Hard drives and CD’s do lose their 1’s and 0’s over multiple reads. It is not something a lot of hi-tech companies want you to know, but there are companies that specialize in the arcane art of long-term digital data storage. 100% data integrity is not possible. Making several backups and getting a statistical average, whose reliability decreases with time, is the only way to go.

Perry says:

Another journalistic missed target?

Without pointing any particular fingers, it seems to me the copy desk who wrote the original “Email rise could lead to loss of historical records” really fumbled. It seemed also true that the journalist who wrote the story went for the juicy quotes instead of trying to convey what Errol Friedberg was trying to say.

Anybody have a link to the original Nature story?

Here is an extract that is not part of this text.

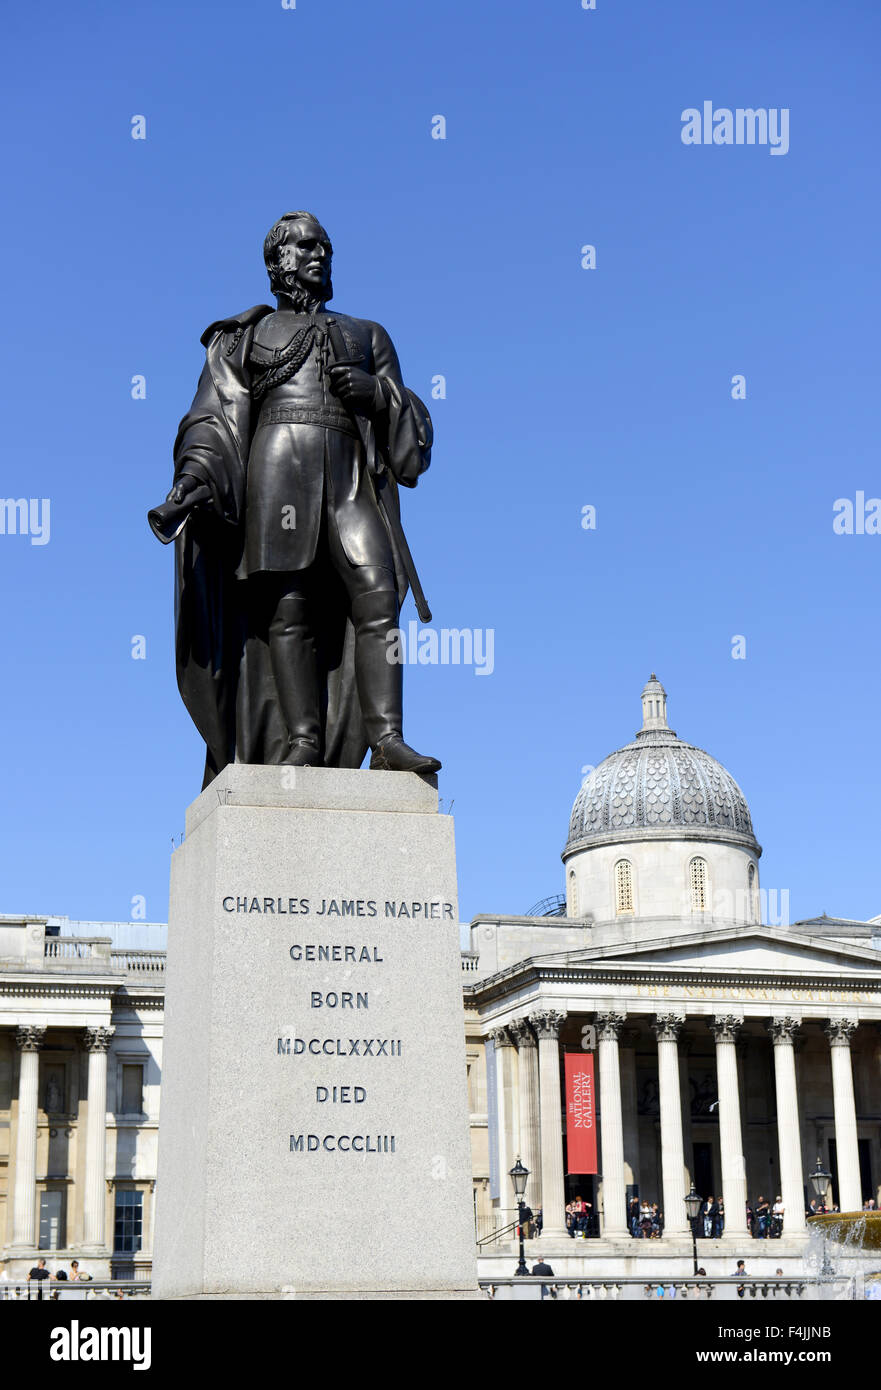 Statue du général Charles James Napier, Trafalgar Square, Londres, Angleterre, Royaume-Uni Banque D'Images

The archival aspect of digital data is an area which is extremely important, but almost entirely ignored by the mainstream media. One could suppose because all journalists rely on “backgrounder” data from either dead-tree or digital formats those sources are mostly downplayed because they are “old” news.

What’s interesting is that digital media has the ability to provide all of us with much more of a useful and stable method of preserving our history than ever before. That we don’t seem to have the method of doing that very well yet is a result of digital being a very young medium.

Frankly, my email doesn’t nearly approach the level of Friedberg’s and I can safely dump more than 90 percent with few qualms.

On the other hand, I wonder how many of us non-Friedbergs have potentially valuable family photos tucked away in a drawer now fading away. You may not care about those photos, but your children or their children might.

A few years ago there was a mini crisis in Hollywood about the fact that a bunch of old films were self-destructing because of time, poor storage, and the type of film emulsion. What’s sad about what may have been lost is the genesis of some of the roots of motion-picture technology.

Here’s an irony. Some of the oldest books around for historical research were printed on vellum which was originally a tanned skin of a calf or lamb. The technology of how they made that media to last so long is now mostly speculation. There are other examples of “old” tech which have become lost.

Sorry for the rant,

Anonymous Coward says:

Changing E-mail format?

What? Printing out email because its format will change?

What kind of internet is this guy using? The one I use has had the same email format since inception. You know, that same internet whose open formats directly led to its widespread use. The ‘mbox’ format hasn’t changed since, well, ever, really.

And when, really, is it going to be changed? When DRM becomes mandatory? I think that, if that happens, we have more problems than we think.